[Stored data]
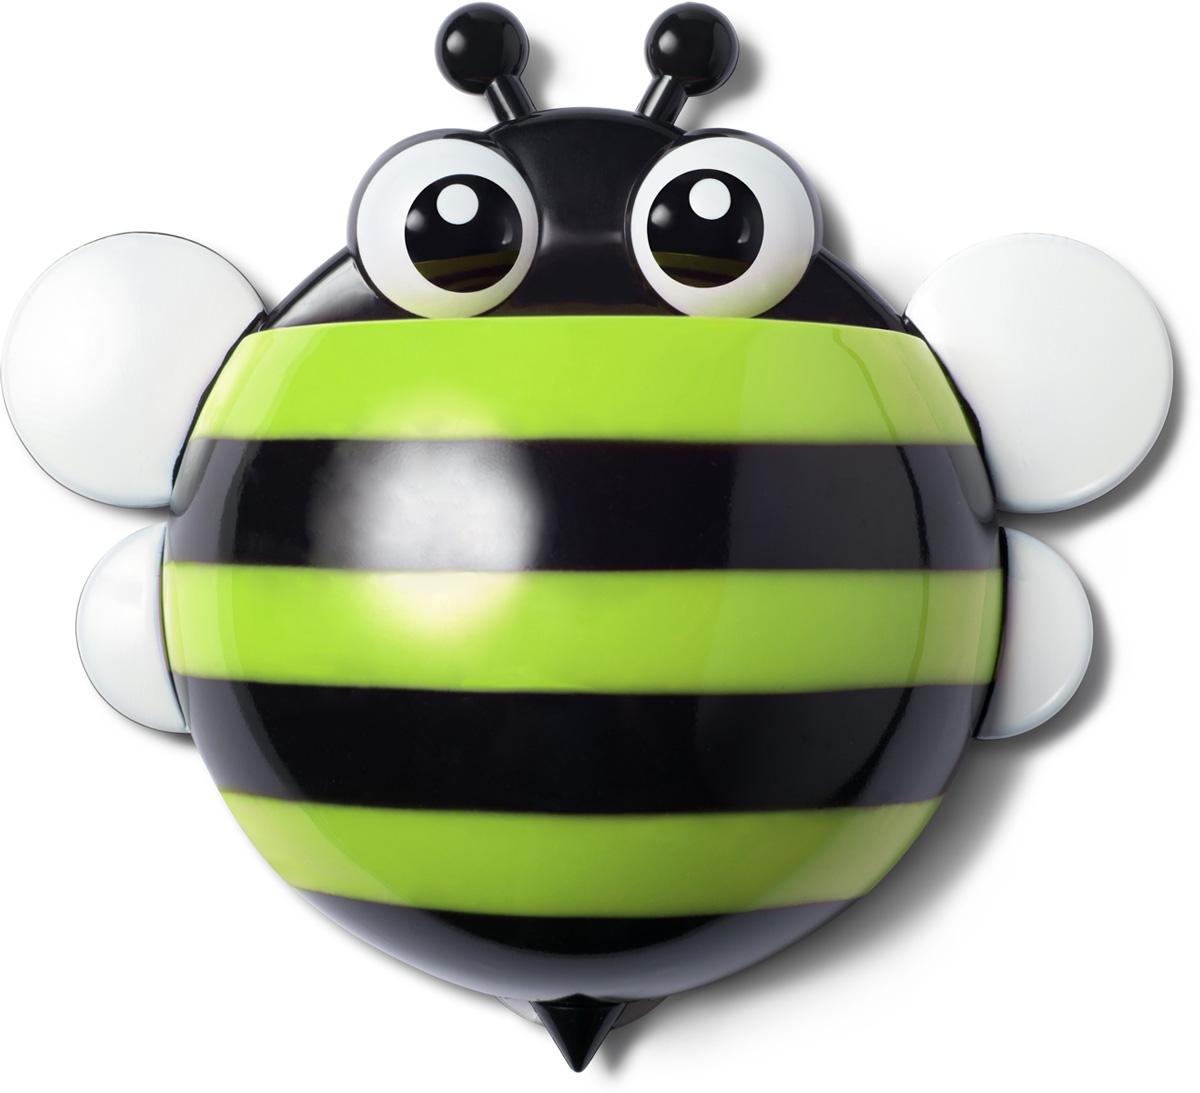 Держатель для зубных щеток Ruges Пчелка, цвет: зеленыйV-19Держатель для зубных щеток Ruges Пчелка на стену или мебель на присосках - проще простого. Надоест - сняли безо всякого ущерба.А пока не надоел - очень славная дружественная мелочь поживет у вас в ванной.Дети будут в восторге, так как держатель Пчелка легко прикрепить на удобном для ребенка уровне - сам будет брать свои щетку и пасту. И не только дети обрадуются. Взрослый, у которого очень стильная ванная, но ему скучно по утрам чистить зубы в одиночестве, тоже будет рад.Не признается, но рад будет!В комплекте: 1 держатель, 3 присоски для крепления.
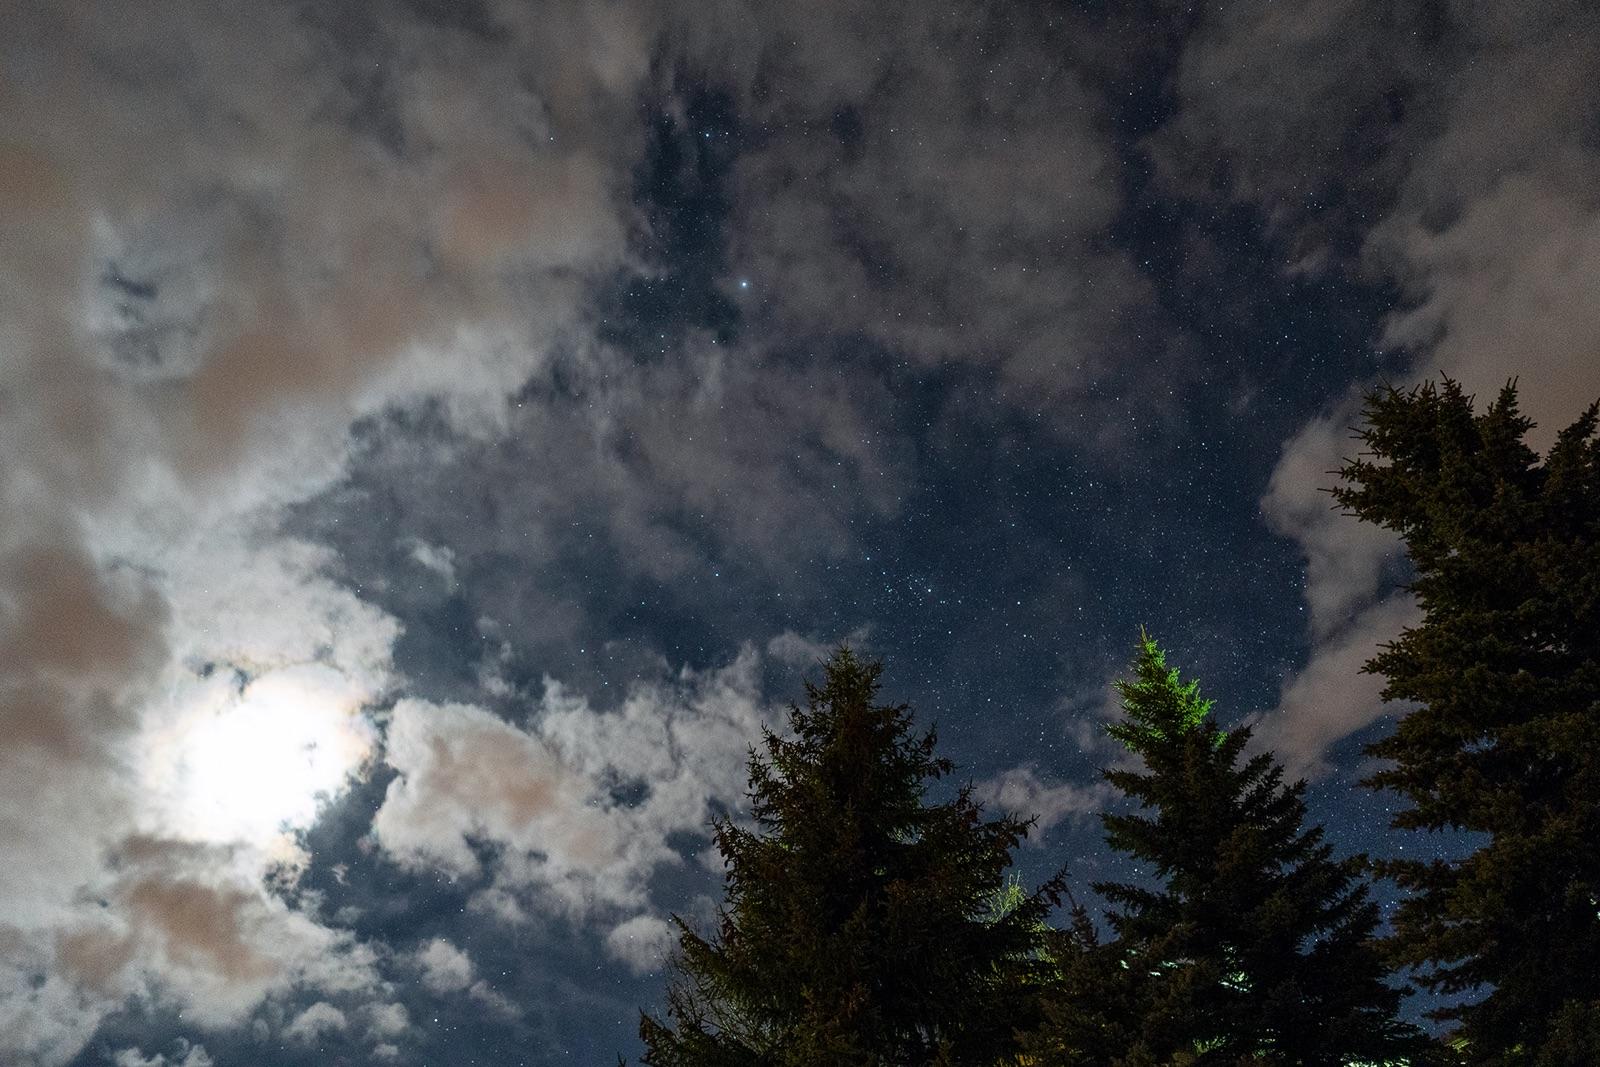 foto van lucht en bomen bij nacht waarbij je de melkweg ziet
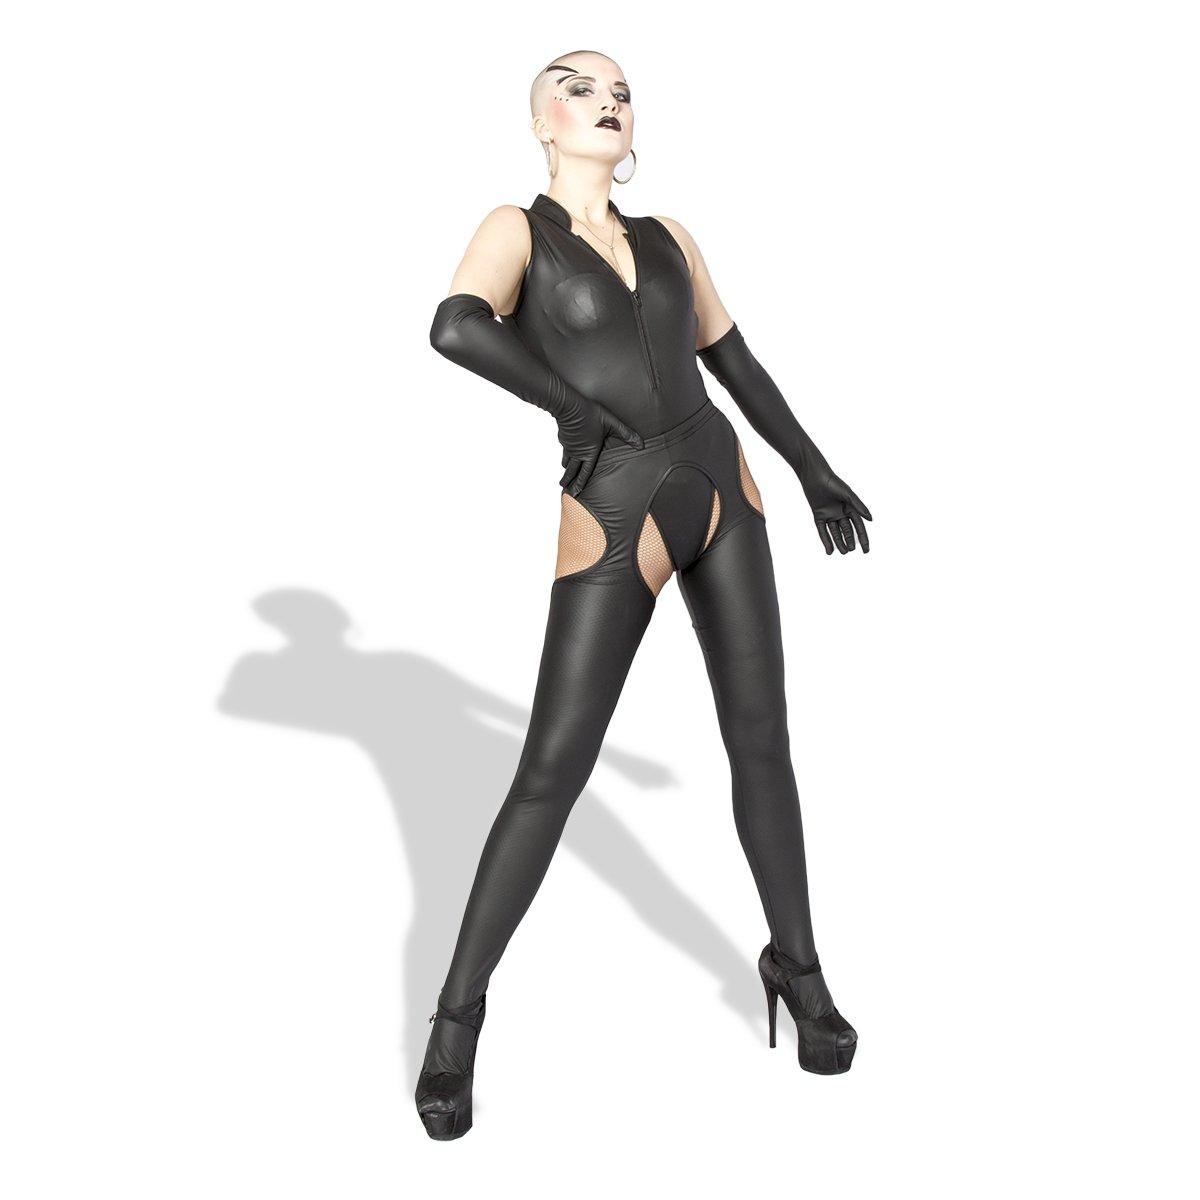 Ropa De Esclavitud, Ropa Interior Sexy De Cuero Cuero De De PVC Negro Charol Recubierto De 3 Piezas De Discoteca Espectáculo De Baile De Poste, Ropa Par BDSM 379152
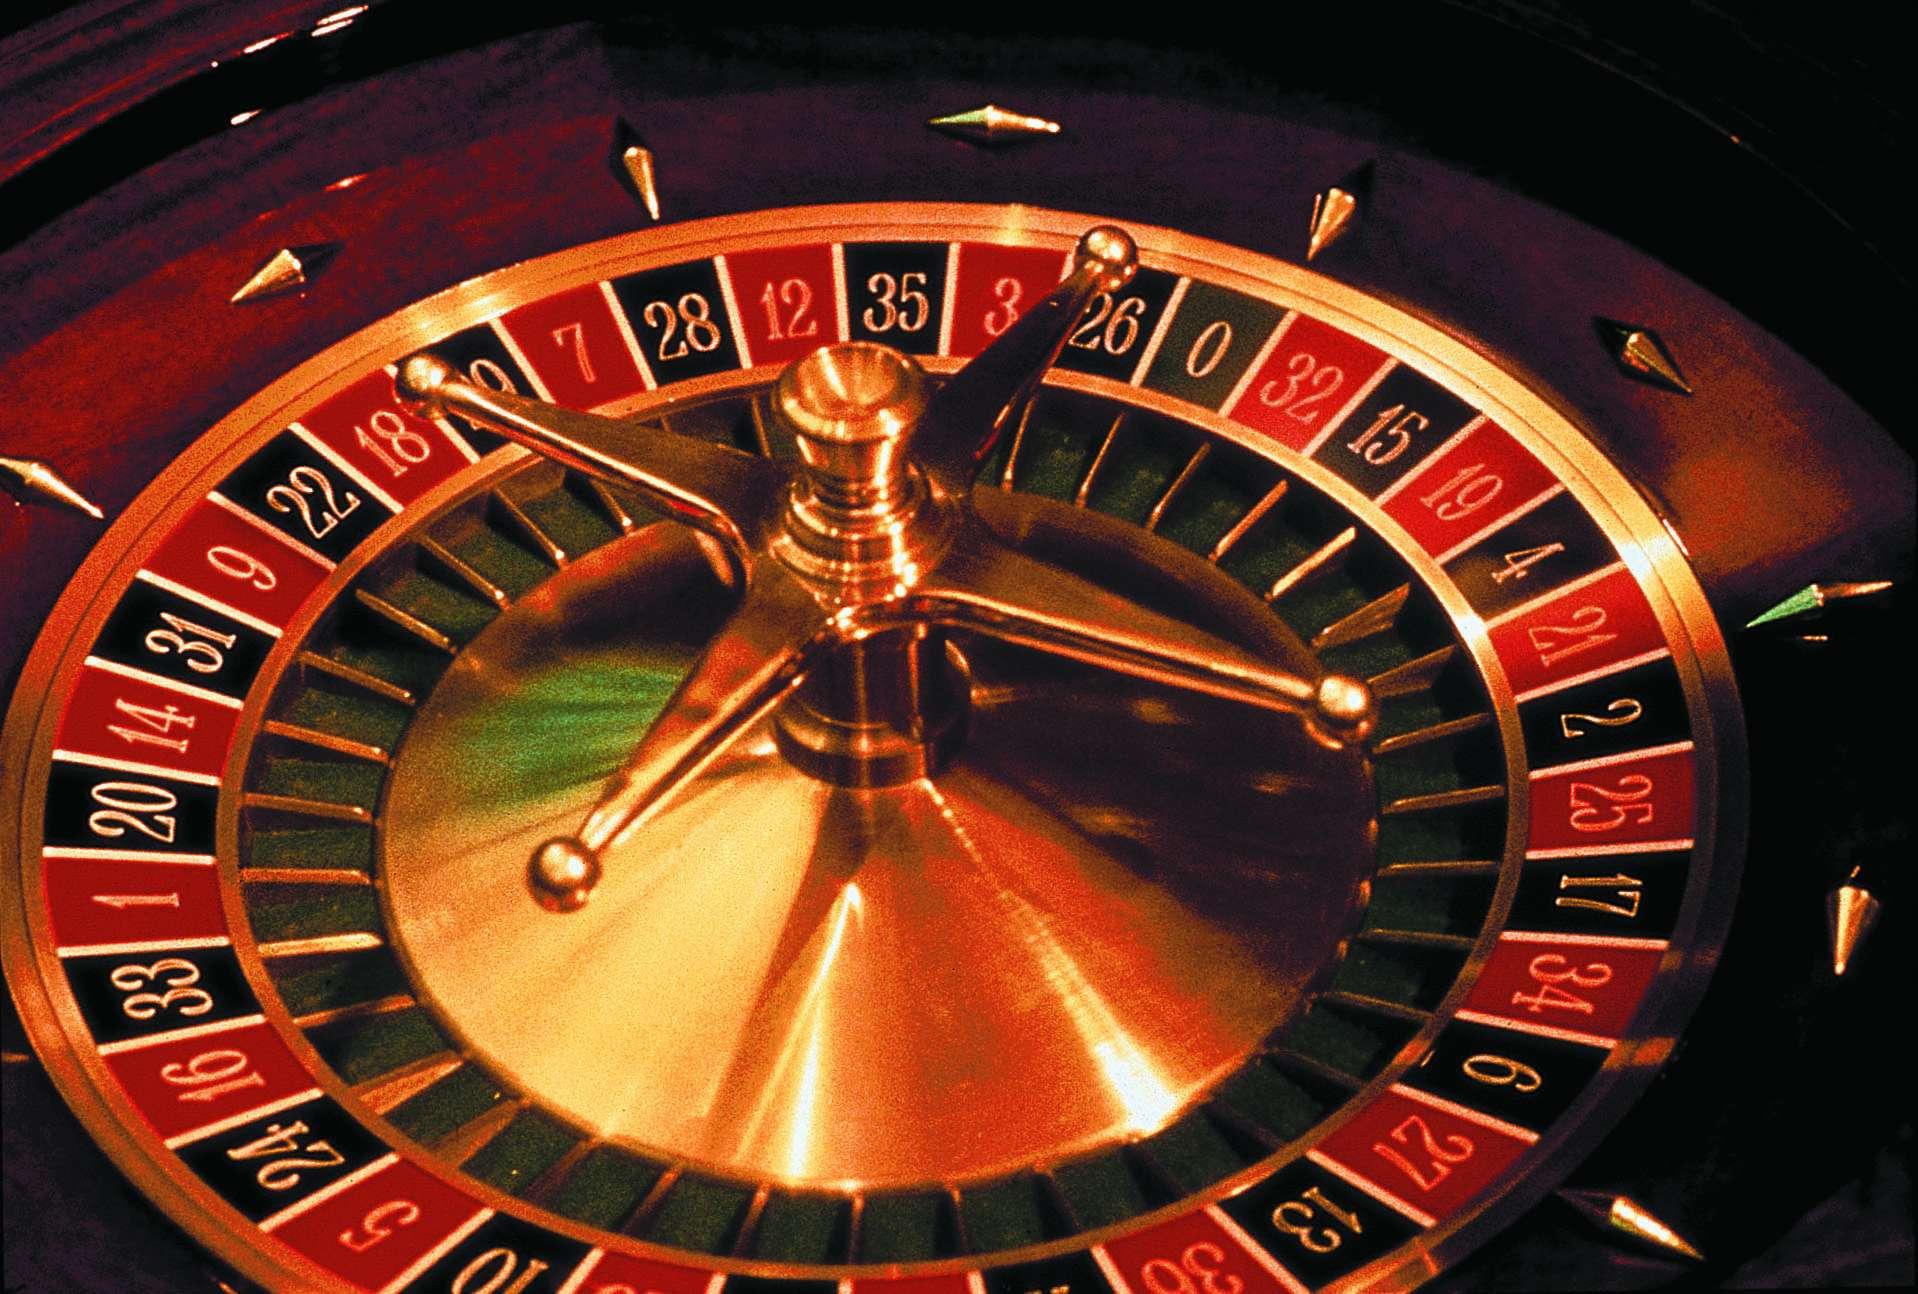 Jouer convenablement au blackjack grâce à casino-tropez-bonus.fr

[What is expected] Beginning with the line in which "Ropa De Esclavitud, Ropa" appears, repeat exactly each line down to the close of the material, leaving every picture out.

[Answer to this problem]
 Ropa De Esclavitud, Ropa Interior Sexy De Cuero Cuero De De PVC Negro Charol Recubierto De 3 Piezas De Discoteca Espectáculo De Baile De Poste, Ropa Par BDSM 379152
 Jouer convenablement au blackjack grâce à casino-tropez-bonus.fr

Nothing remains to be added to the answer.